3rd Nov 2022 09:58
(Alliance News) - Harbour Energy PLC on Thursday reported a rise in production but reduced capital expenditure guidance, due to the late arrival of drilling rigs and weaker pound.
For the nine months ended September 30, revenue amounted to USD4.1 billion, with realised post-hedging oil and UK gas prices of USD80 per barrel of crude oil, compared to the average Brent price of USD105 per barrel.
Production during the nine months amounted to 207,000 barrels of oil equivalent per day, representing an increase of 27% compared to a year ago.
Harbour expects full-year production to be in the upper half of its 200,000 to 210,000 barrels of oil equivalent per day guidance.
Chief Executive Officer Linda Cook said: "Harbour is delivering operationally with higher production volumes and lower costs, supported by improved efficiency and our capital investment programme."
Harbour Energy, however, reduced its capital expenditure guidance to about USD1.0 billion from about USD1.2 billion, primarily driven by "late arrival of drilling rigs and the weaker pound sterling to US dollar exchange rate".
Net debt amounted to USD1.1 billion as at period end.
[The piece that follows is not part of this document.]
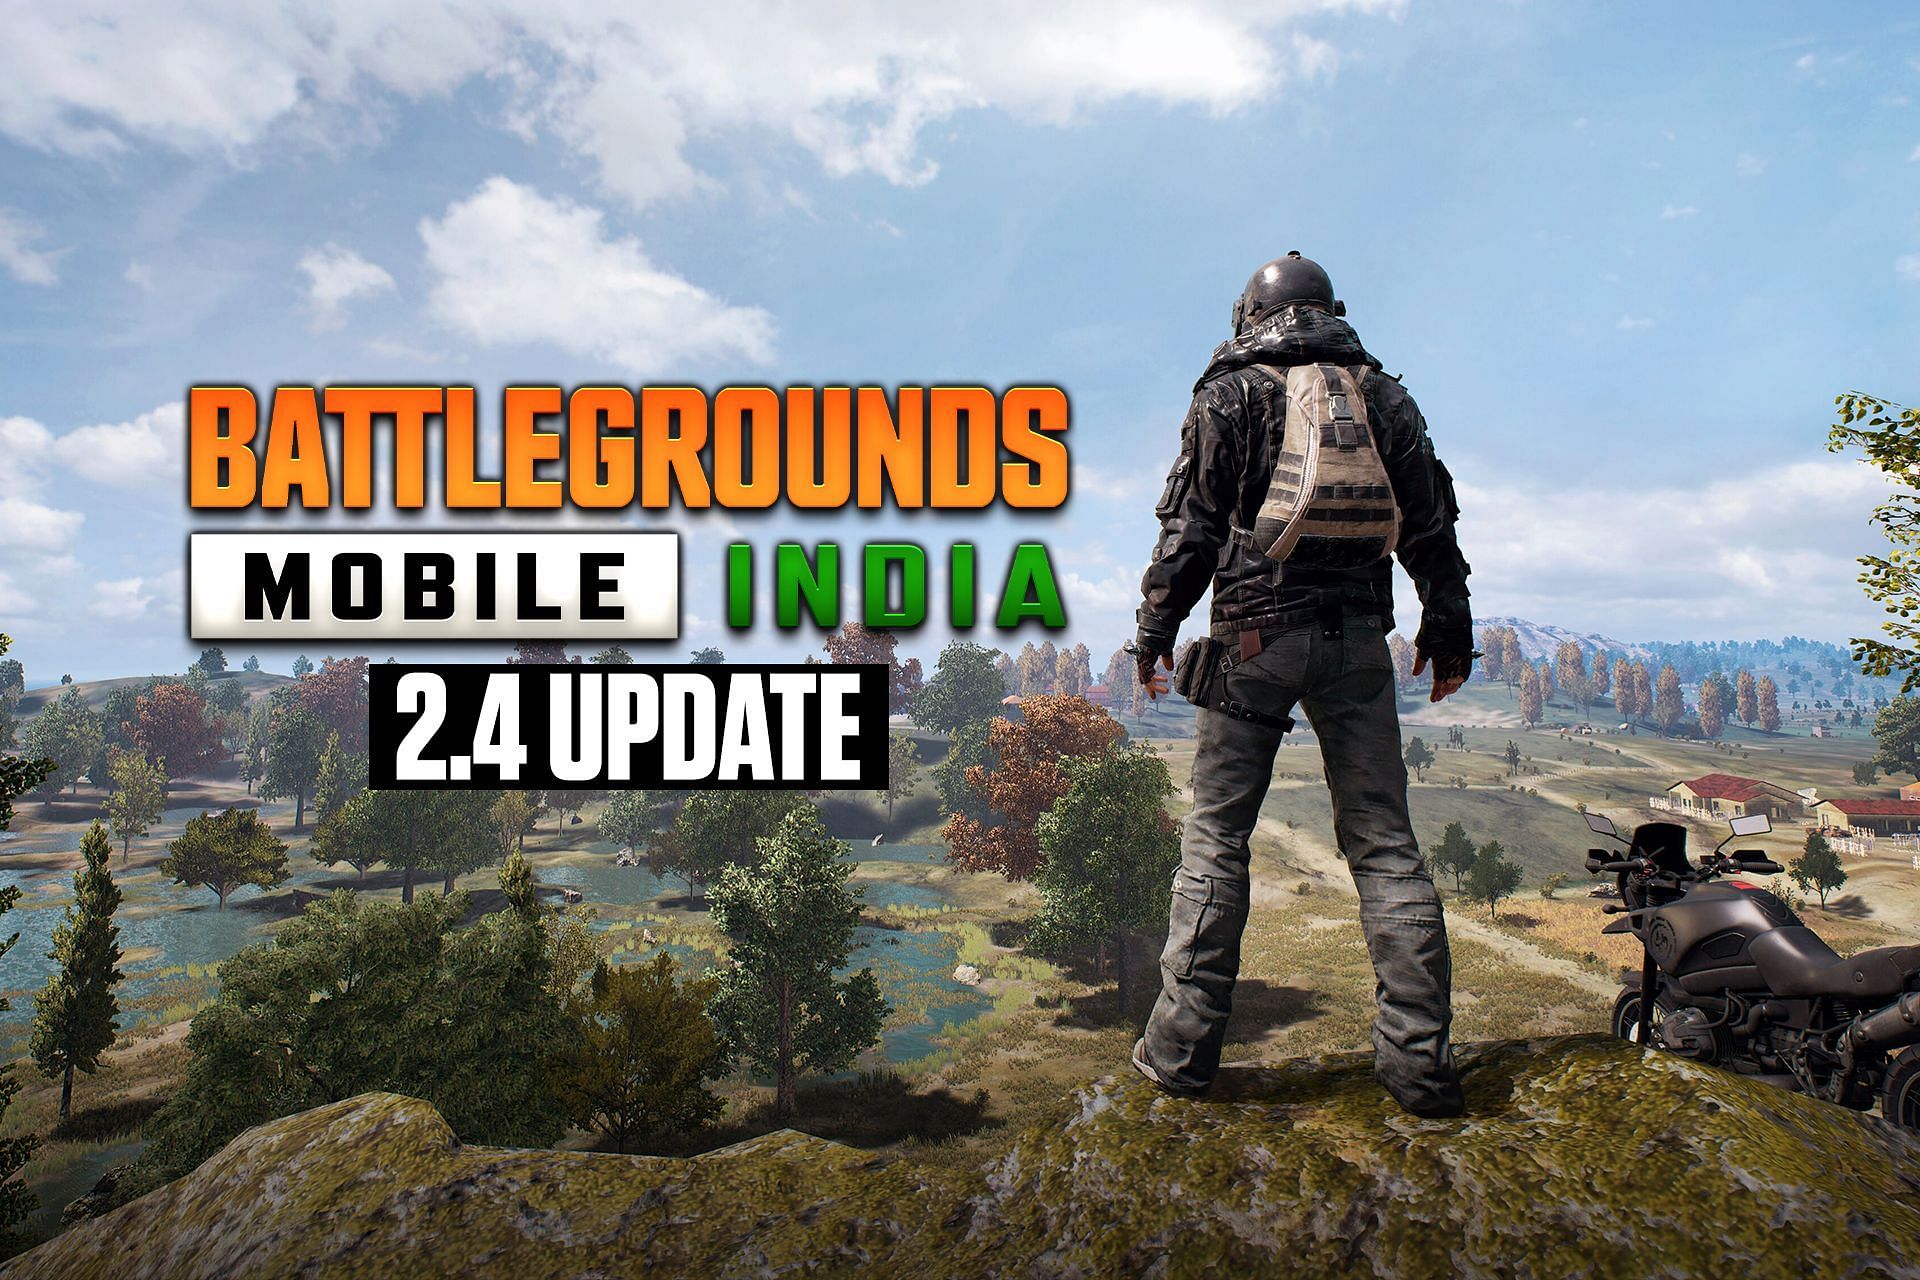 There are no genuine download links for Battlegrounds Mobile India right now (Image via Sportskeeda)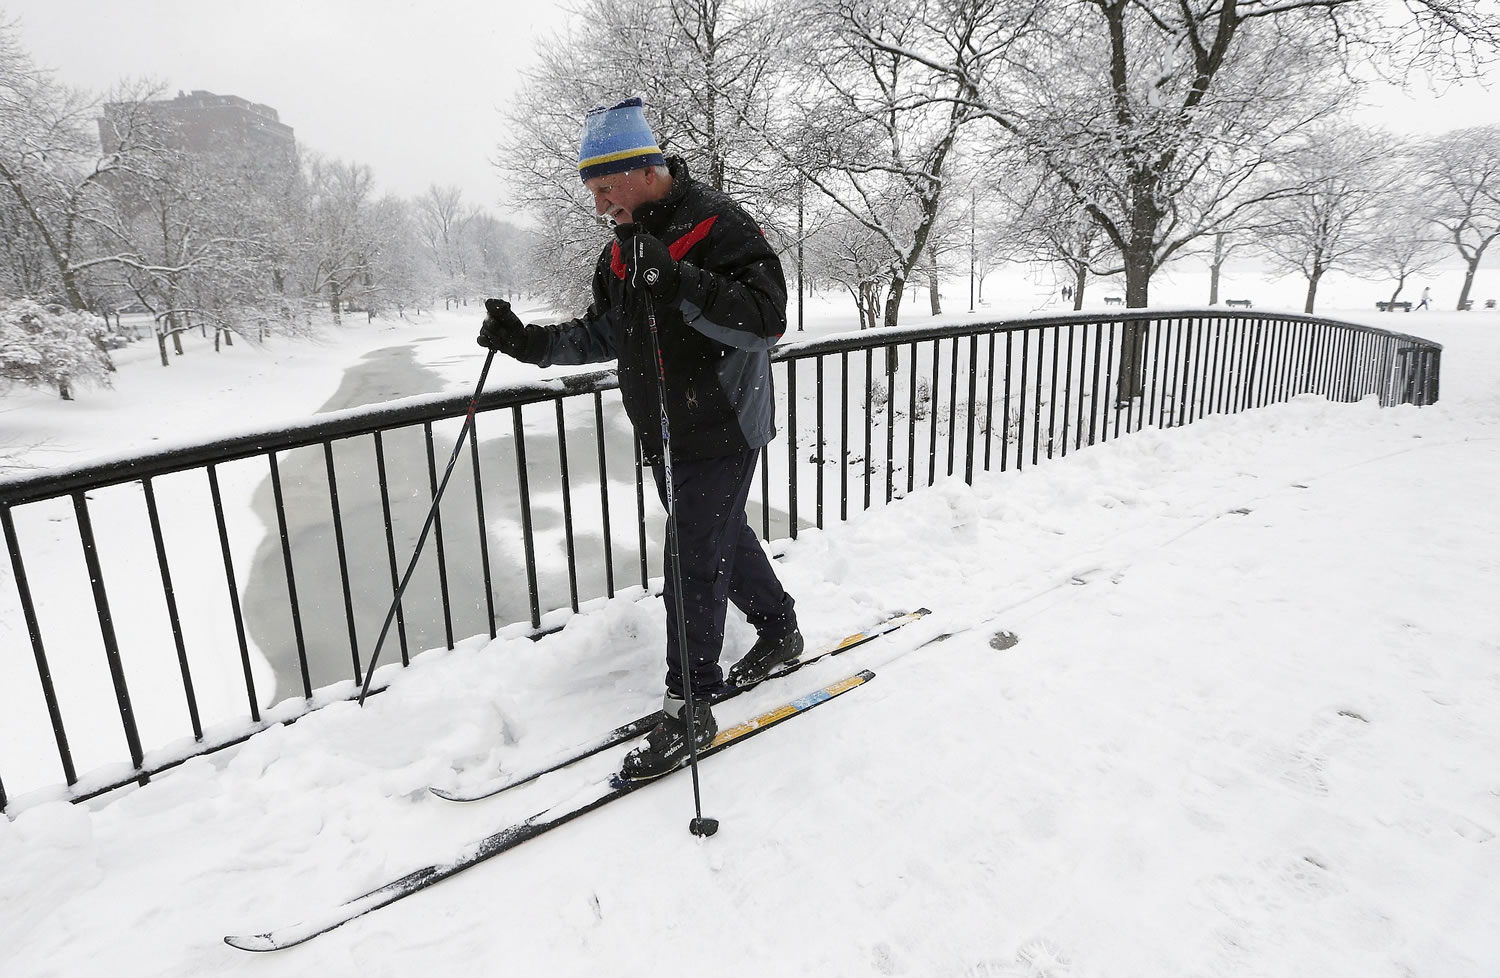 Irv Rosenberg, of Boston, uses cross country skis Saturday in the Esplanade in Boston. A winter storm warning covering Boston and Hartford, Connecticut was in effect through 7 p.m.

It continues to expect to be net debt free in 2023.
In August, Harbour reported revenue and other income of USD2.67 billion for the six months ended June 30, surging 78% from USD1.50 billion last year. Pretax profit increased to USD1.49 billion from USD120.2 million.
Harbour Energy shares were trading 2.2% higher at 393.10 pence each in London on Thursday morning.